Rerank a list of documents against a query. Returns documents sorted by relevance score.

Parameters

modelstringrequiredReranker model identifier
querystringrequiredThe query to rank against
documentsstring[]requiredDocuments to rerank
top_nnumberReturn only the top N results

Response

{
  "results": [
    { "index": 2, "relevance_score": 0.95, "document": "..." },
    { "index": 0, "relevance_score": 0.72, "document": "..." },
    { "index": 1, "relevance_score": 0.31, "document": "..." }
  ]
}

Health Endpoints

GET/healthz

Liveness probe. Returns 200 if the LMX process is running, regardless of whether a model is loaded.

Response

{"status":"ok"}
GET/readyz

Readiness probe. Returns 200 only if a model is loaded and ready for inference. Returns 503 if no model is loaded.

json
{"ready":true,"model":"qwen3-30b-a3b","vram_gb":18.4}

Admin Endpoints

List Models

GET/admin/models

Returns all available models on disk, with their load status and size information.

Response

{
  "models": [
    {
      "id": "qwen3-30b-a3b",
      "path": "mlx-community/Qwen3-30B-A3B-4bit",
      "loaded": true,
      "vram_gb": 18.4,
      "format": "mlx"
    },
    {
      "id": "llama-3.3-70b",
      "path": "mlx-community/Llama-3.3-70B-Instruct-4bit",
      "loaded": false,
      "vram_gb": null,
      "format": "mlx"
    }
  ]
}

Load Model

POST/admin/models/load

Loads a model into memory. If another model is currently loaded, it is unloaded first. Returns the load time and VRAM usage.

Parameters

modelstringrequiredModel path or HuggingFace identifier

Response

{
  "success": true,
  "model": "llama-3.3-70b",
  "load_time_ms": 4200,
  "vram_gb": 38.7
}

Unload Model

POST/admin/models/unload

Unloads the currently loaded model, freeing VRAM. After unloading, /readyz will return 503 until a new model is loaded.

Response

{
  "success": true,
  "freed_vram_gb": 18.4
}

Metrics Stream

GET/admin/events

Server-Sent Events stream of real-time metrics. Emits throughput, VRAM usage, and inference status events. Used by the Opta Local Web dashboard for live monitoring.

SSE metrics
data: {"type":"throughput","tokens_per_second":45.2,"active_requests":1}

data: {"type":"memory","vram_used_gb":18.4,"vram_total_gb":192.0,"pct":9.6}

data: {"type":"heartbeat","uptime":3600}

Error Codes

LMX returns standard HTTP status codes with a JSON error body:

json
{
  "error": {
    "code": "no-model-loaded",
    "message": "No model is currently loaded.
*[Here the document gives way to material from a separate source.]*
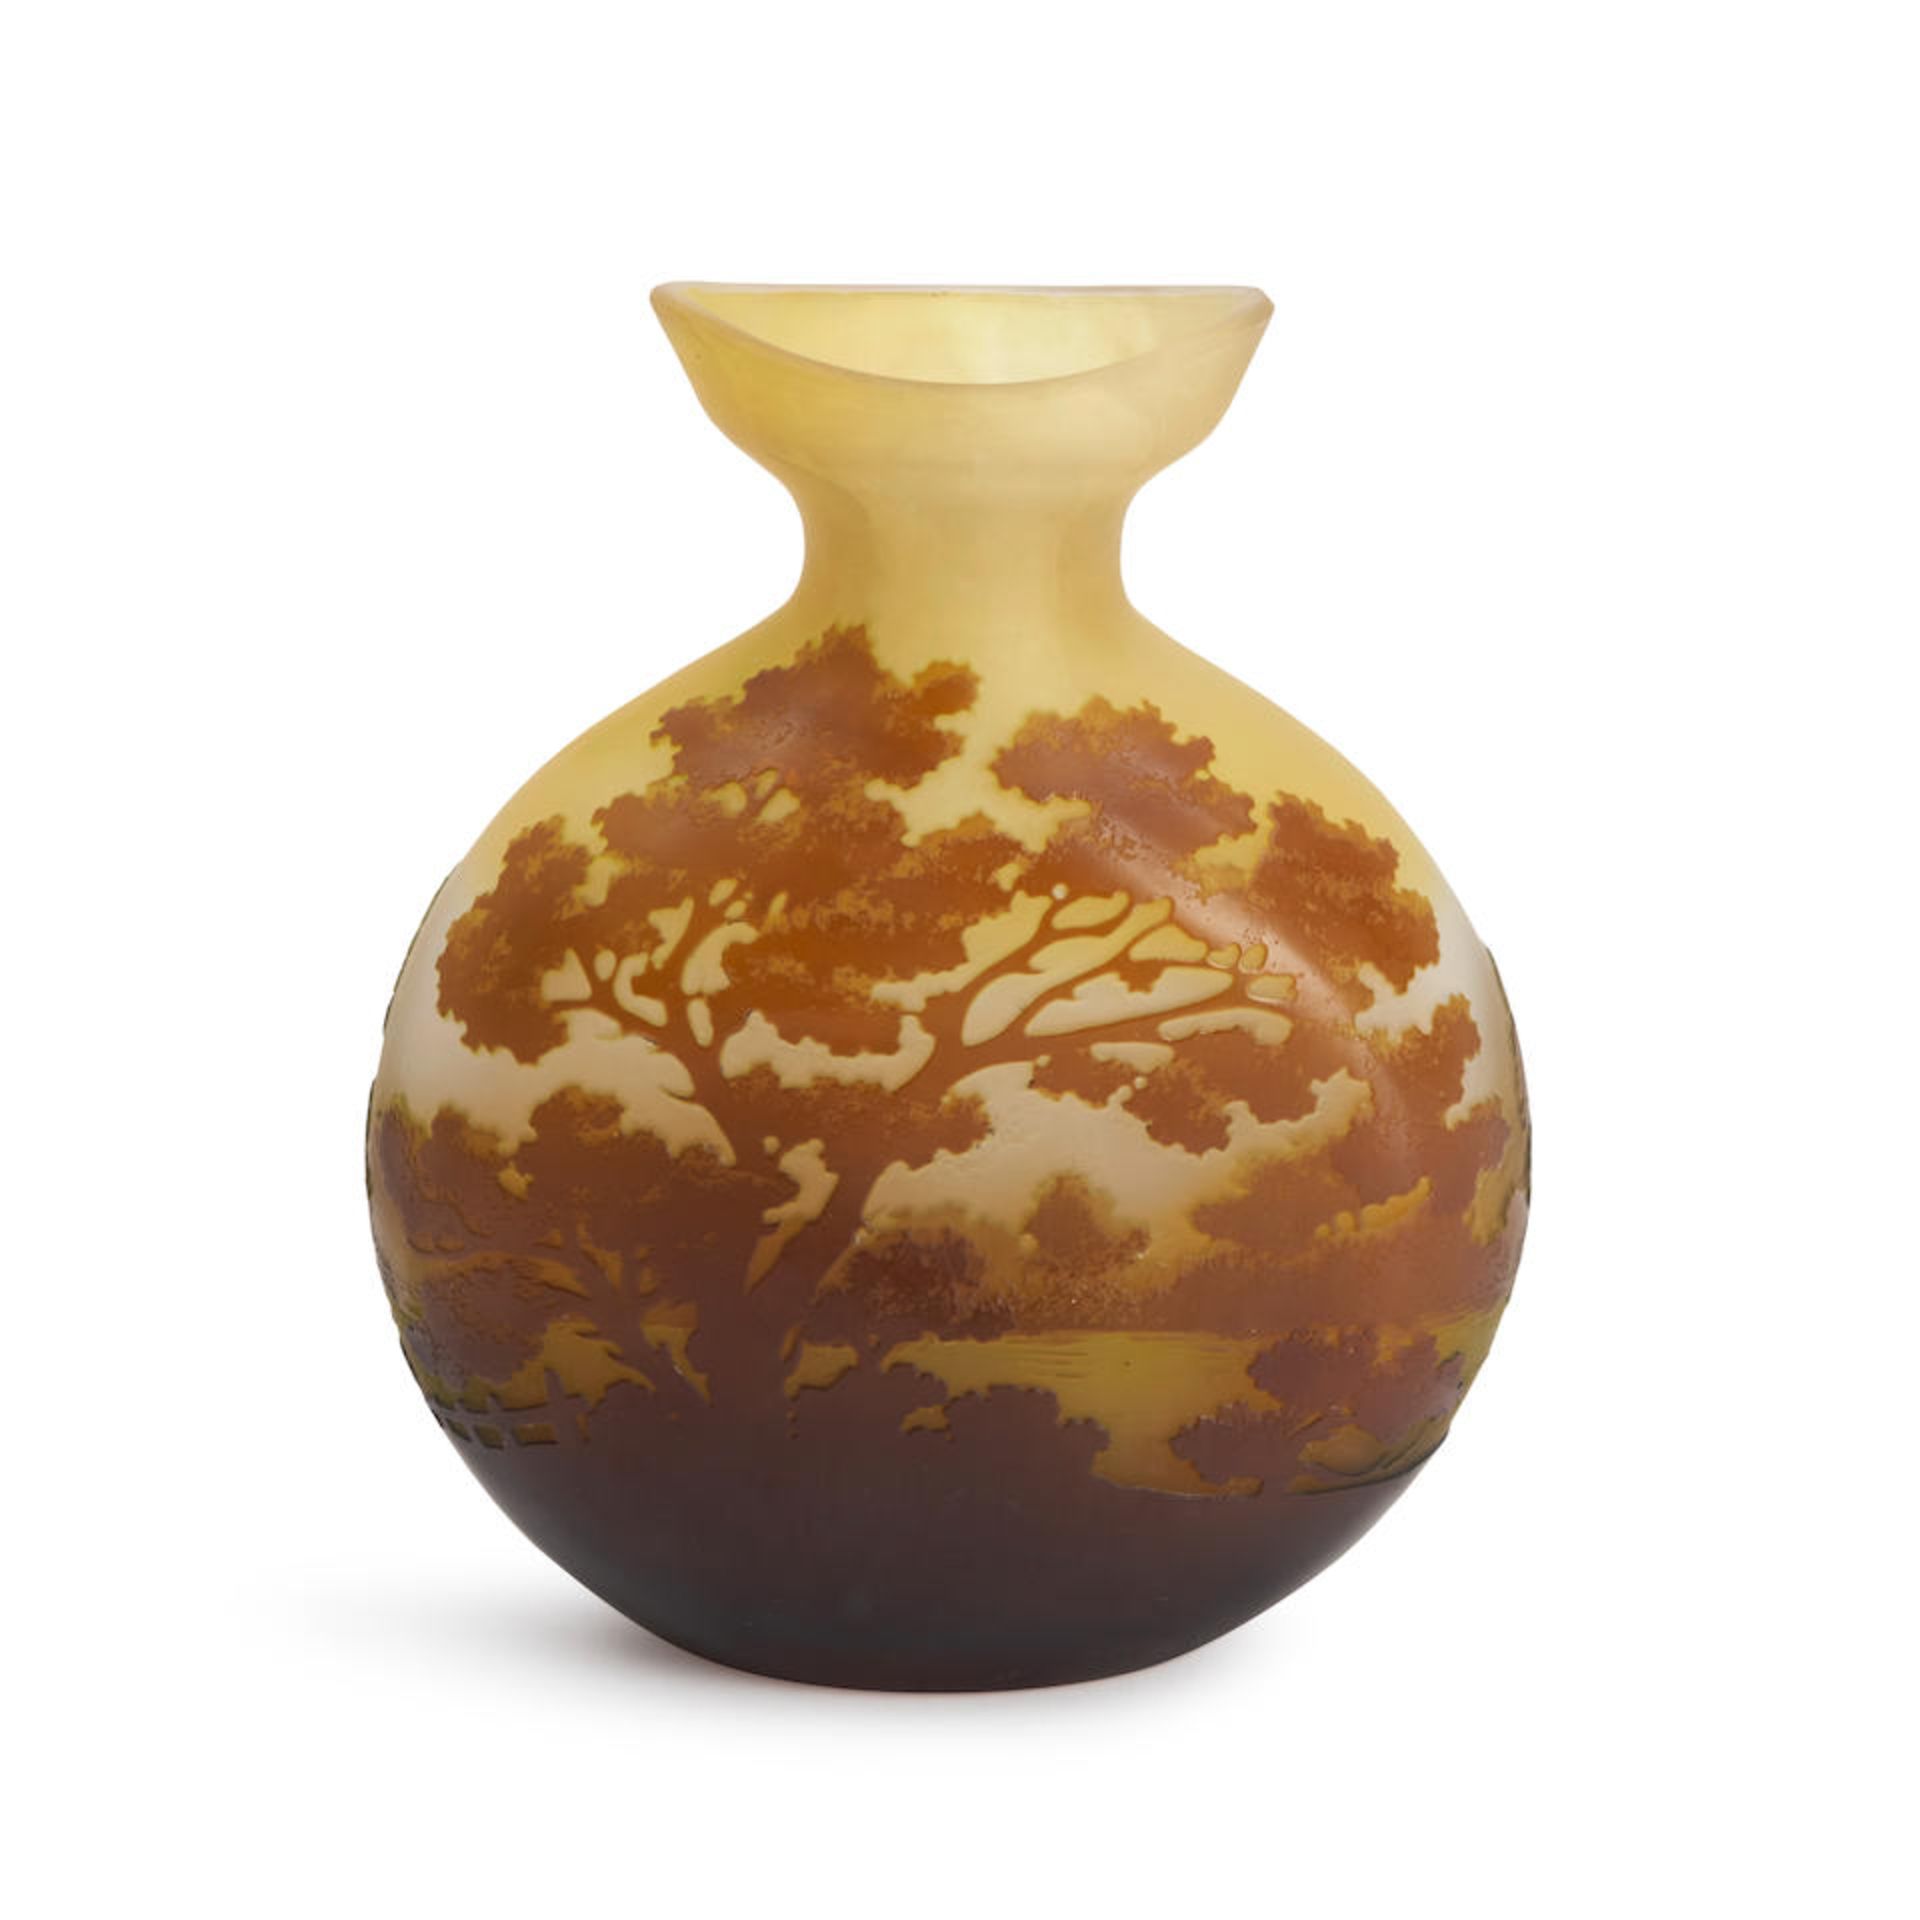 GALLE CAMEO GLASS LANDSCAPE VASE, France, early 20th century, cameo mark 'Galle,' ht. 5 1/2 in.

Call POST /admin/models/load first."
  }
}
CodeHTTPDescription
no-model-loaded503No model in memory. Load one first.
model-not-found404Requested model not found on disk.
storage-full507Insufficient disk space for model download.
lmx-timeout504Inference timed out (model took too long).
oom-unloaded503Model was unloaded due to OOM pressure.
invalid-request400Malformed request body or missing fields.